Robert L. Byer, whose laser technology discoveries have been used in many commercial applications, is being honored by IEEE with the 2009 IEEE Photonics Award.
The award, sponsored by IEEE's Photonics Society, recognizes Byer for seminal contributions to nonlinear optics and solid-state lasers for commercial applications from precision measurement to manufacturing. The award will be presented on June 3 at the 2009 Conference on Lasers and Electro-Optics in Baltimore, MD.
Byer has been working with lasers since 1969 with research centered on advanced lasers and frequency tuning of lasers using nonlinear optics. Byer's work helped define nonlinear optics, which involves the ability to change ethe color of a laserto a continuously tunable range of colors. This technology is being developed today for use in laser projection displays and for future high-brightness television.
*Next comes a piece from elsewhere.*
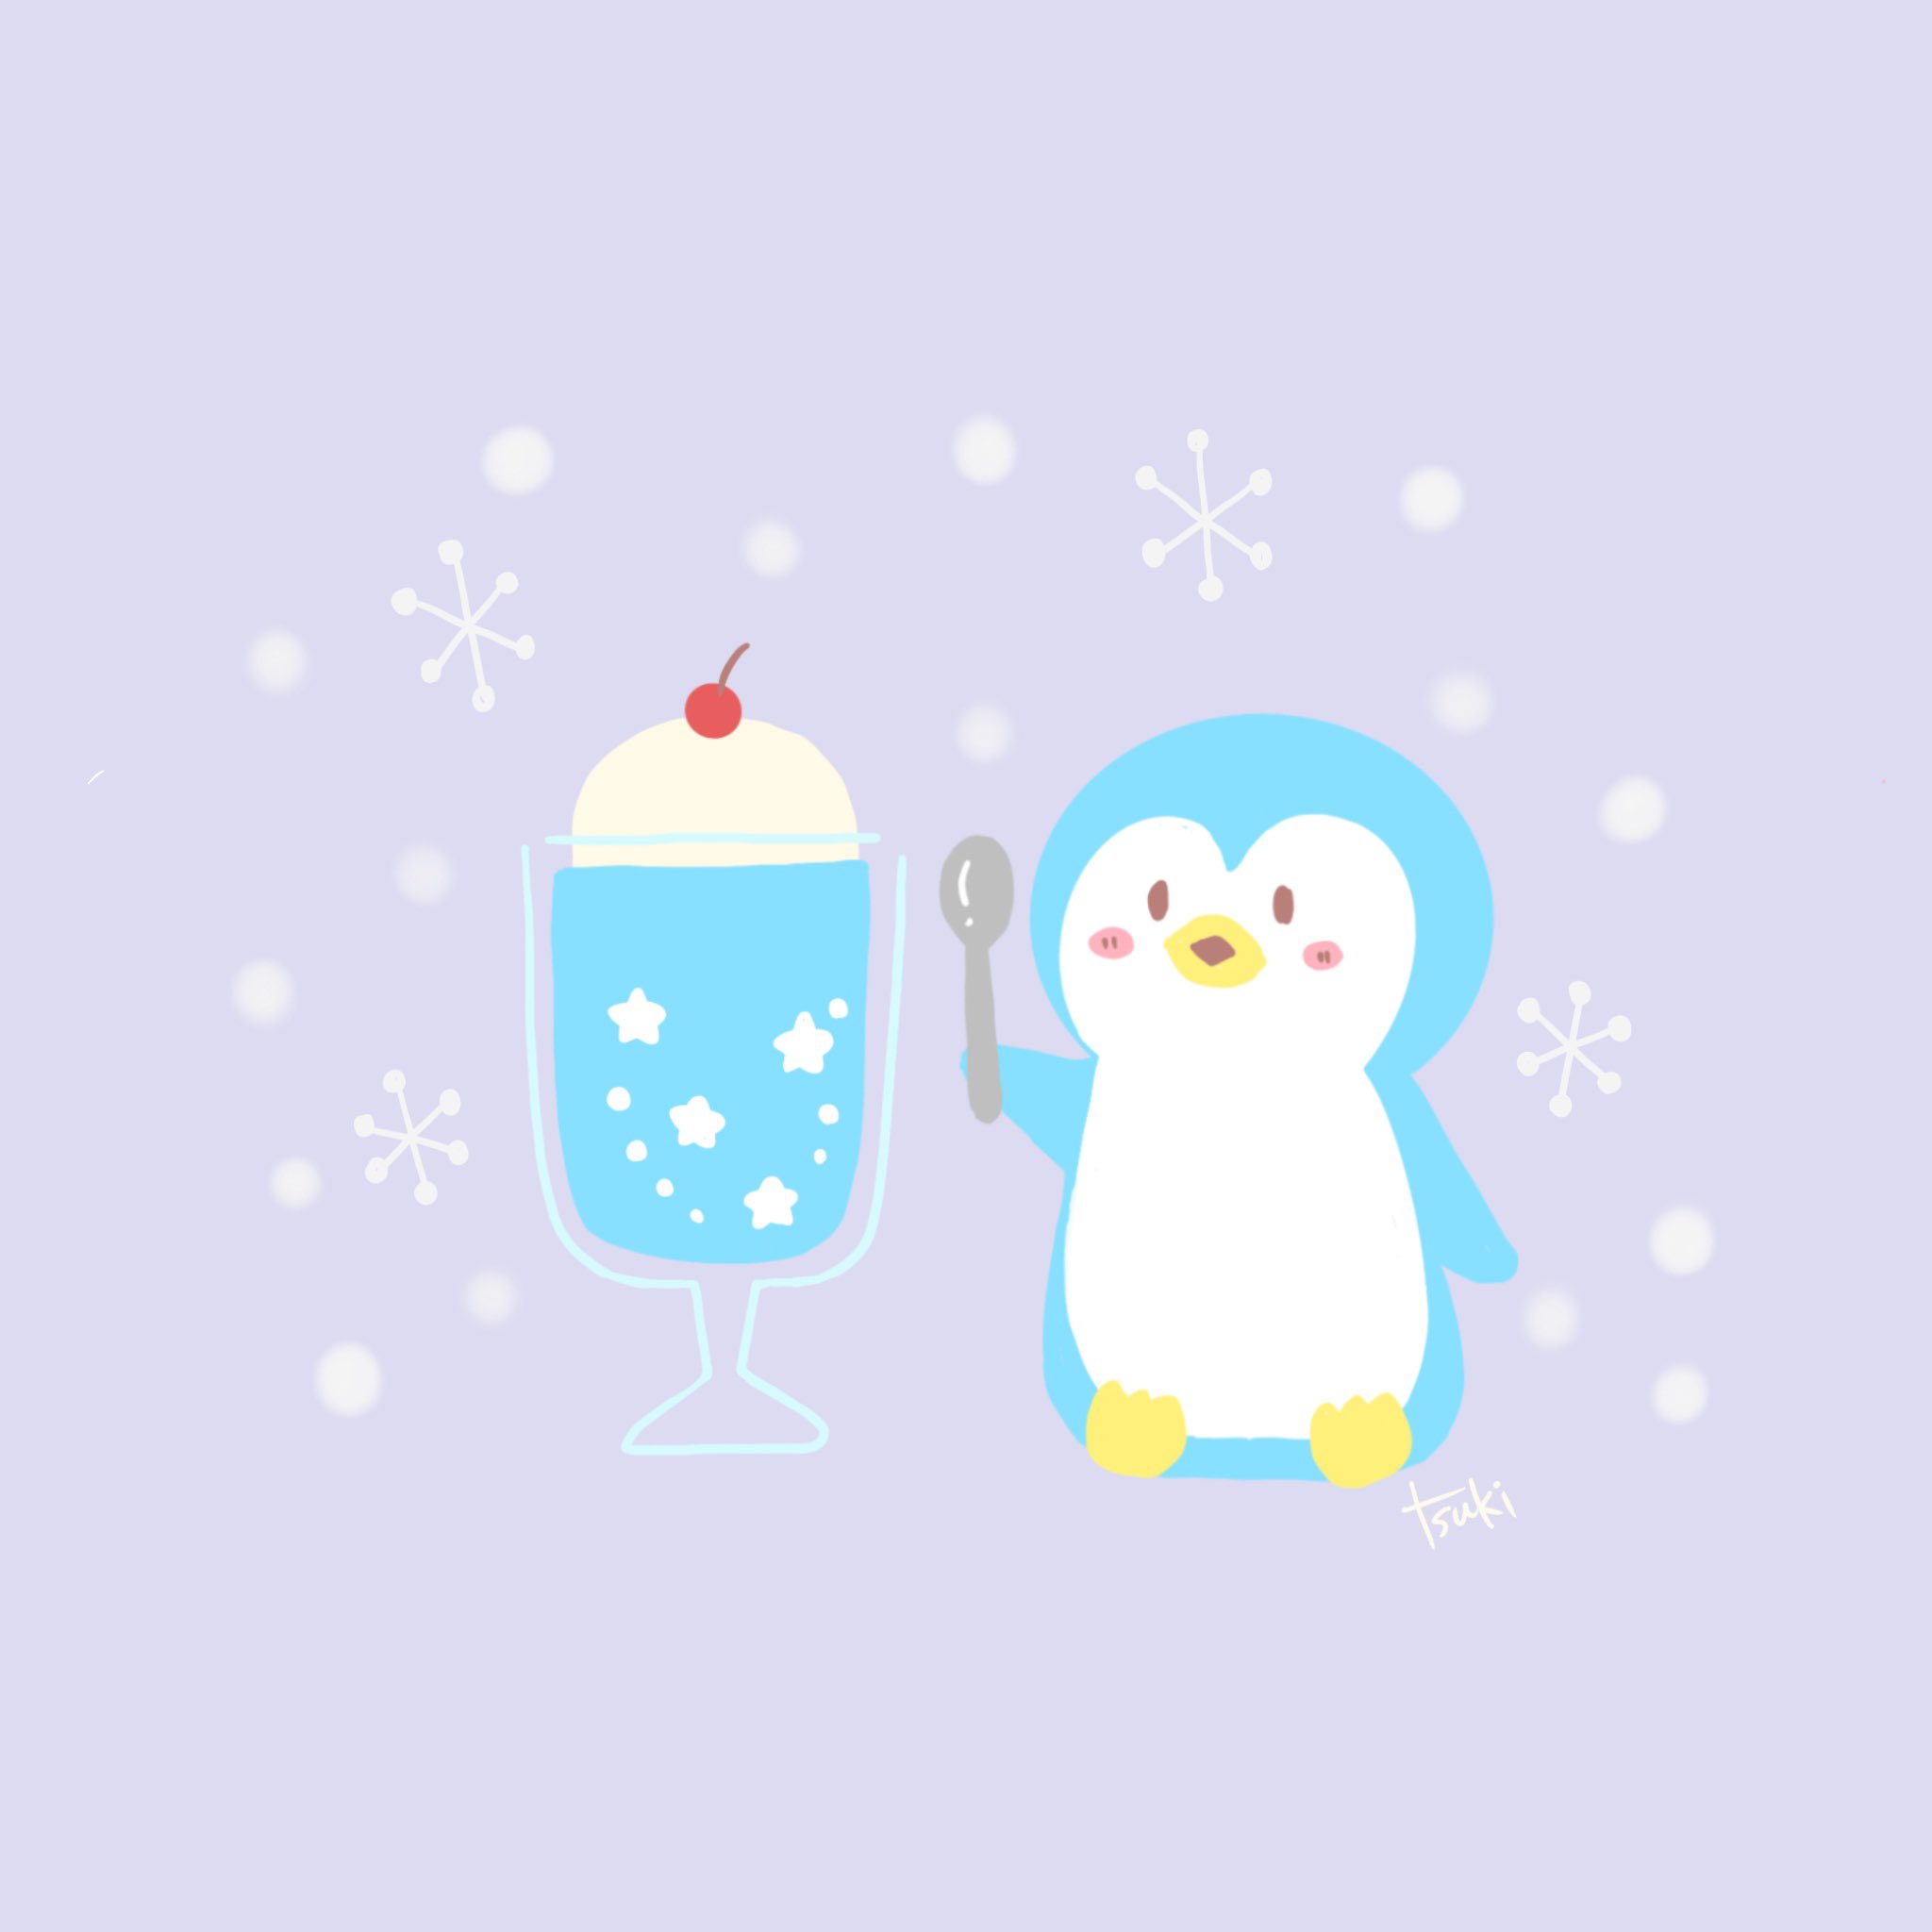 Tsuki 寒いときに食べるアイスは なかなか美味しいのだ イラスト イラスト好きな人と繋がりたい ゆるい絵 ゆるいイラスト ゆるかわ 癒し お絵描き フォローミー Illust クリームソーダ ペンギンイラスト T Co Wkpdpbekr7 Twitter

This technology has also led to ultraviolet solid-state lasers that are needed for drilling tiny holes in circuit boards of electronic components that make cellular phones and MP3 players possible.
In 1985, Byer's grouop developed the laser diode pumped monolithic ring Nd:YAG laser, which is known as the nonplanar ring oscillator. This lasers is the standard for laser frequency control and is used for satellite-to-satellite communications and for sensitive sonar applications in submarines. It is also used for precision distance measurements that search for weak gravitational waves generated by black holes and neuron stars across the universe.
The combination of nonlinear optics and the laser diode pumping of Byer's Nd:YAG laser let to the development of the green laser pointer in 1986. It is not used just for presentations, but for pointing to planets or stars in the night sky and as rescue beacons for sailors at sea.